The last year flashed before my eyes, shredding my soul as the images clicked. I was exhausted. It had been a grueling day, and I had no fight left in me. “You were never going to let me decide whether he could have soda instead of juice, were you?”
She shrugged.
But I already knew the answer. I’d been getting the vibe all along. It never let up. I wasn’t going to beg or push her this time. I’d already done it so many times, and I didn’t have the energy or the appetite for it anymore. “What about Teddy?”
“What about him?” she asked.
“You can kick me out of your life, but don’t you dare kick me out of his. Men don’t walk away from their kids.”
“He’s not your kid.”
“I wanted him to be. And if he was, I’d fight you for custody with everything I had.”
She gasped.
“Oh, stop. I’d never take a child from his mother. That relationship is too important. But I’d want to be a big part of his life. What’s he going to think? That this is how men behave? When he wakes up tomorrow, I’ll be gone. Just like that. What’s it going to teach him?”

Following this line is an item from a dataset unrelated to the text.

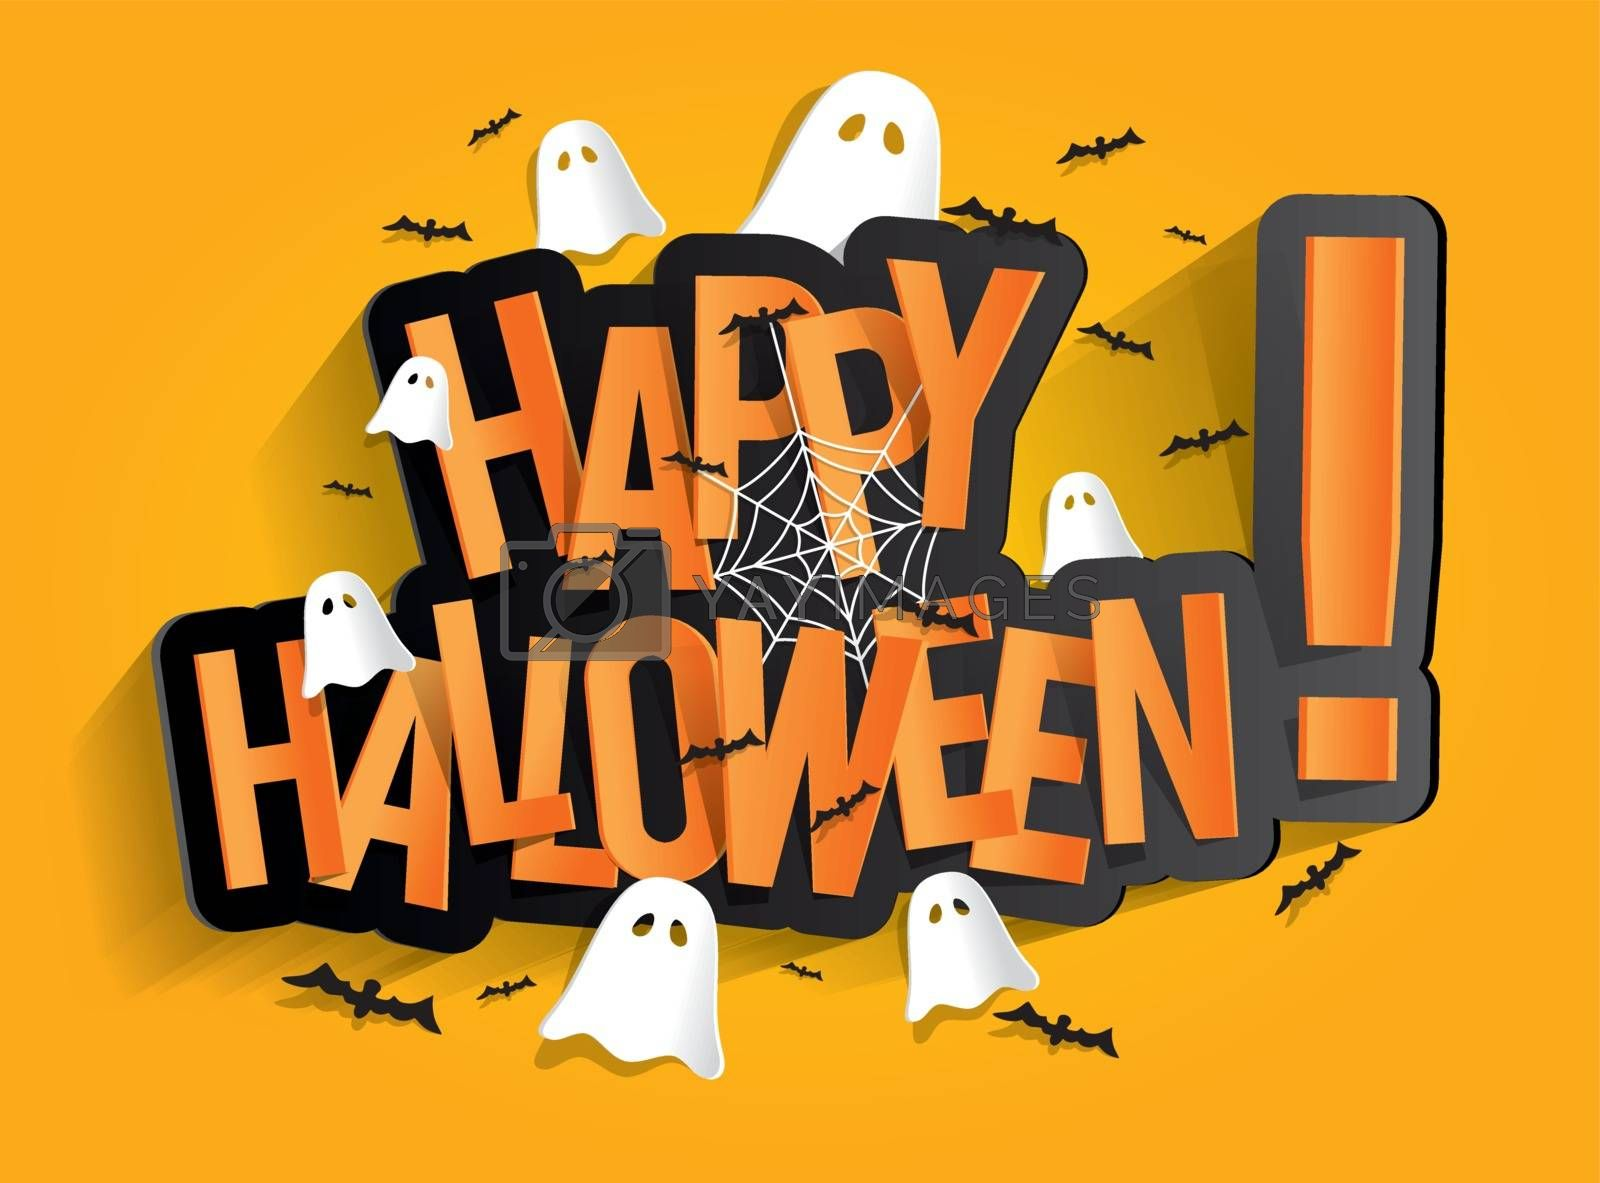 Happy Halloween Card Design Elements On Background, vector illustration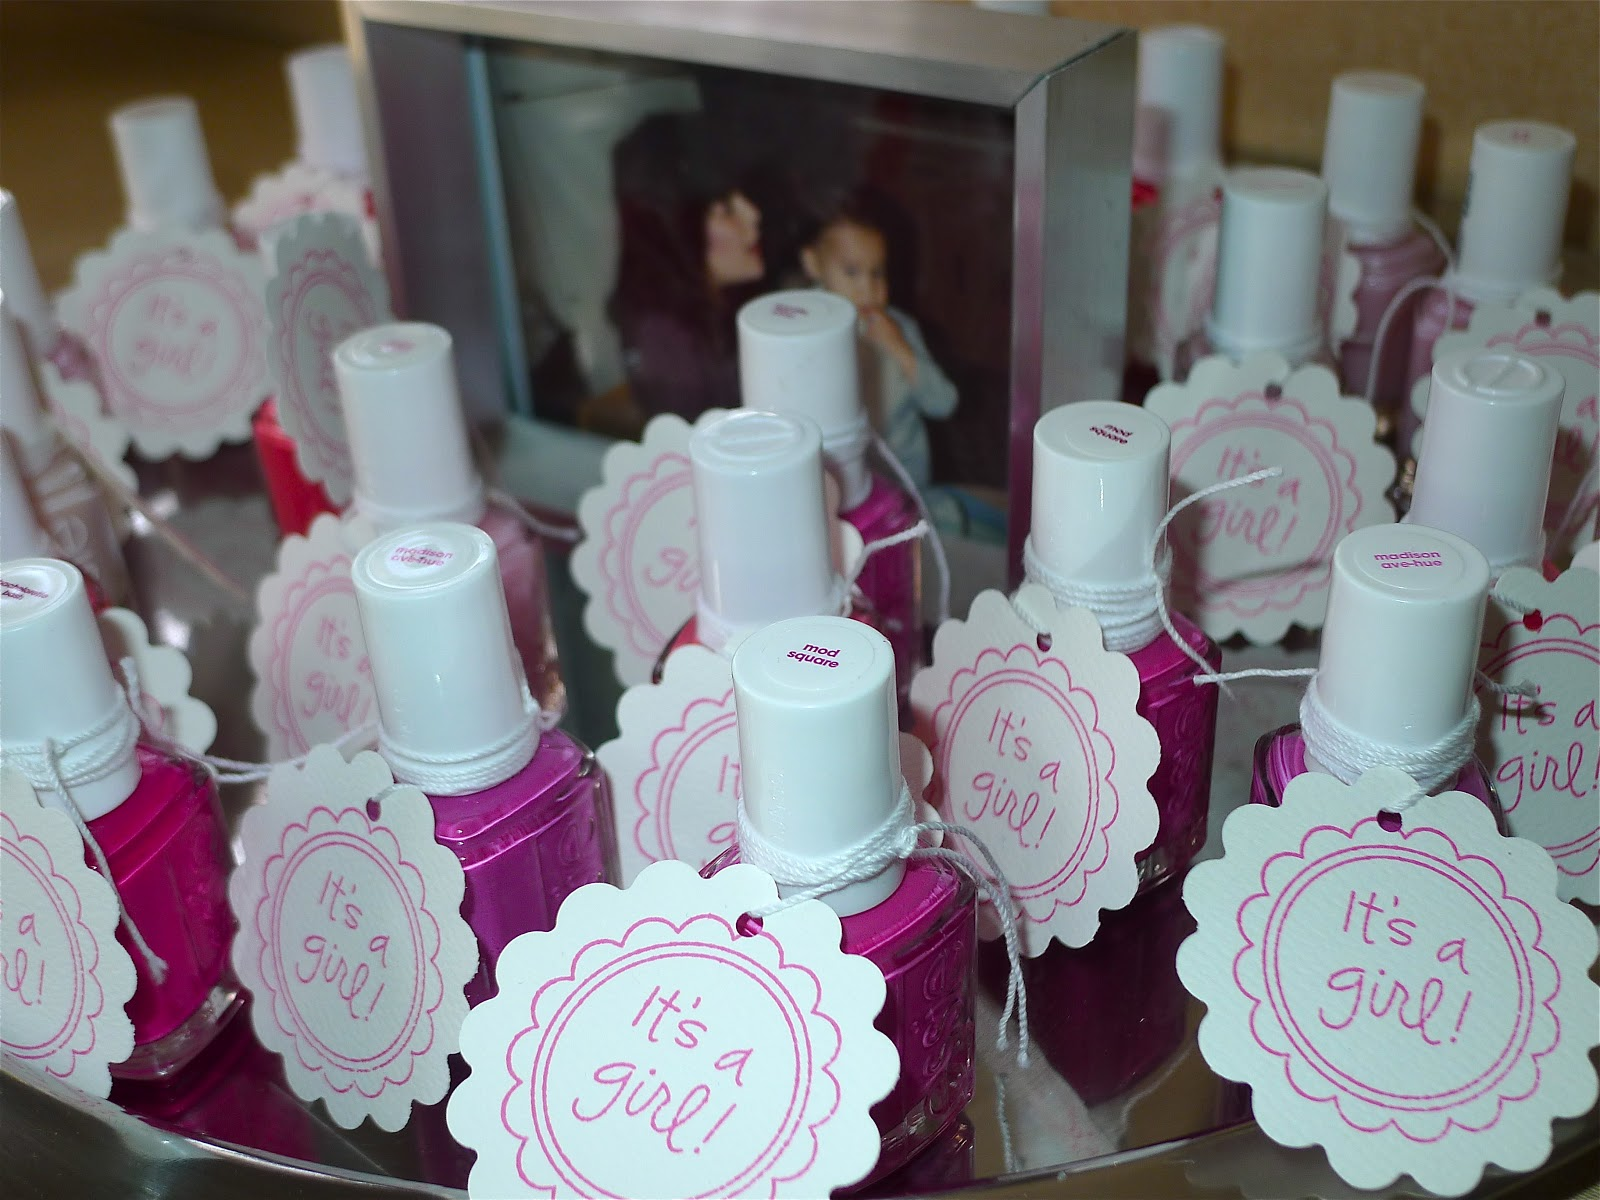 Fashionably Festive Pink Baby Shower DIY Towel Cake & Cupcakes

“I’ll tell him you’re busy with work.”
“No. No, you won’t tell him that, because men make time for their children no matter how busy they are at work. Tell him the truth, Emmie. Tell him you didn’t love me in the special way mommies love daddies. Tell him he can call me, anytime, and I’ll still teach him how to play lacrosse, and how to throw a curve ball. Tell him that. Because it’s the truth.”
She was sniffling, and turned her back so I wouldn’t see her cry. Because she couldn’t even give me that. She hadn’t misled me. All along, she kept telling me, in so many ways, that she would never be all in.
But I didn’t listen.
“Why don’t you go and put the ring back on, so some other fool doesn’t get too far in.” I slammed the door, and left the woman, the child, and the life I had wanted so desperately, behind.